* PROBLEM *
Repeat only the lines below from the one containing "Ленин - Сталин" through the one containing "SEAVEES Legend Standard", inclusive, exactly as written.

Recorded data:
--

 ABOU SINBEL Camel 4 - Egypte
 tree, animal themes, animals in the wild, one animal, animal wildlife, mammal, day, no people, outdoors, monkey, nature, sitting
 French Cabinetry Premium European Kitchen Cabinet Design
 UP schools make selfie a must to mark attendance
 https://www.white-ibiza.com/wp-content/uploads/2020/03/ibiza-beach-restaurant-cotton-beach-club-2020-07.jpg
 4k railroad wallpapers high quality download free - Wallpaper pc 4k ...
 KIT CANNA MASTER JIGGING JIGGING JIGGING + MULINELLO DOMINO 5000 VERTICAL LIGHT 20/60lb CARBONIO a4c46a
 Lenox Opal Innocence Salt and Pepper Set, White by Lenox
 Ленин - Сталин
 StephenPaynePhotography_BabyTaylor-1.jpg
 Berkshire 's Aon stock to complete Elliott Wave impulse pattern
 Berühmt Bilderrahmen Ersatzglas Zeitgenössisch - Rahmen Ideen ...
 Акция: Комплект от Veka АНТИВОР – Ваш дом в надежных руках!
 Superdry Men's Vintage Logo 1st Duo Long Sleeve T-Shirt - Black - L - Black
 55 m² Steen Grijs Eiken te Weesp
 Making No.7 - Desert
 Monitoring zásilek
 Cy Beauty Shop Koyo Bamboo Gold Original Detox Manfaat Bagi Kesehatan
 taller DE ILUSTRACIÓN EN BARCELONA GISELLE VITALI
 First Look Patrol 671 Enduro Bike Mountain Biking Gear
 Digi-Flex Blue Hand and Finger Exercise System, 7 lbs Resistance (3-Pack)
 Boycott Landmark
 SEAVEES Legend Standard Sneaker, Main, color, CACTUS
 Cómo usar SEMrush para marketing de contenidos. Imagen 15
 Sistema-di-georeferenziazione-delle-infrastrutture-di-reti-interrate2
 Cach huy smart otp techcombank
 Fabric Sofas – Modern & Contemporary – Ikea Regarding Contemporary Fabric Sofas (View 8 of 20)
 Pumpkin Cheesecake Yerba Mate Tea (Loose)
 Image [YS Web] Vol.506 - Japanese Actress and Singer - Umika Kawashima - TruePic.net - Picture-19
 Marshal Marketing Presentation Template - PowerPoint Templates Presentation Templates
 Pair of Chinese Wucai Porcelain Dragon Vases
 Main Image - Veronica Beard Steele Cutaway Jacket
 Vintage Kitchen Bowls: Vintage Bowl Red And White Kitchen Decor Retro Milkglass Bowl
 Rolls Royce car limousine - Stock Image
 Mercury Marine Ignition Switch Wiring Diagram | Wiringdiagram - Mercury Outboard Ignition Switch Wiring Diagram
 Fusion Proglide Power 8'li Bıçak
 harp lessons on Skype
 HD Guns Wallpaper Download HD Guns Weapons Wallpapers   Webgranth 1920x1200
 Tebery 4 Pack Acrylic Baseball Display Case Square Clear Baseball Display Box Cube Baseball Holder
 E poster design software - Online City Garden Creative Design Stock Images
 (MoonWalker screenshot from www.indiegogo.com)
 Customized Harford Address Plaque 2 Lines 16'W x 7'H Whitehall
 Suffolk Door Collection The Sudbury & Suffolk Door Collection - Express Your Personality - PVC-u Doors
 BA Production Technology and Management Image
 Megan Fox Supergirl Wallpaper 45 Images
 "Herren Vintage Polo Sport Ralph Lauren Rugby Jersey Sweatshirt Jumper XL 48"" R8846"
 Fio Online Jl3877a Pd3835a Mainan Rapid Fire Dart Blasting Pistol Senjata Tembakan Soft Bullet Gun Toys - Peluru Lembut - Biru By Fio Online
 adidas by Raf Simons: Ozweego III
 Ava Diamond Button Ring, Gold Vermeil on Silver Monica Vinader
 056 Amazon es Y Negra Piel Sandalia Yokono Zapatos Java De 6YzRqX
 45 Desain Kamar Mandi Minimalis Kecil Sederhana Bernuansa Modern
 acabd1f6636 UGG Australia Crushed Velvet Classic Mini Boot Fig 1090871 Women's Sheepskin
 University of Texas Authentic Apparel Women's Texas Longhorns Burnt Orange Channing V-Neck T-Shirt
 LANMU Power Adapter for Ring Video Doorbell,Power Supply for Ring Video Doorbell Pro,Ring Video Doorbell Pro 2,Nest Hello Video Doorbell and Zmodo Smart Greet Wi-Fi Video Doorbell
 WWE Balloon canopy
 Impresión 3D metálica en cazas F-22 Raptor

--

* RESULT *
 Ленин - Сталин
 StephenPaynePhotography_BabyTaylor-1.jpg
 Berkshire 's Aon stock to complete Elliott Wave impulse pattern
 Berühmt Bilderrahmen Ersatzglas Zeitgenössisch - Rahmen Ideen ...
 Акция: Комплект от Veka АНТИВОР – Ваш дом в надежных руках!
 Superdry Men's Vintage Logo 1st Duo Long Sleeve T-Shirt - Black - L - Black
 55 m² Steen Grijs Eiken te Weesp
 Making No.7 - Desert
 Monitoring zásilek
 Cy Beauty Shop Koyo Bamboo Gold Original Detox Manfaat Bagi Kesehatan
 taller DE ILUSTRACIÓN EN BARCELONA GISELLE VITALI
 First Look Patrol 671 Enduro Bike Mountain Biking Gear
 Digi-Flex Blue Hand and Finger Exercise System, 7 lbs Resistance (3-Pack)
 Boycott Landmark
 SEAVEES Legend Standard Sneaker, Main, color, CACTUS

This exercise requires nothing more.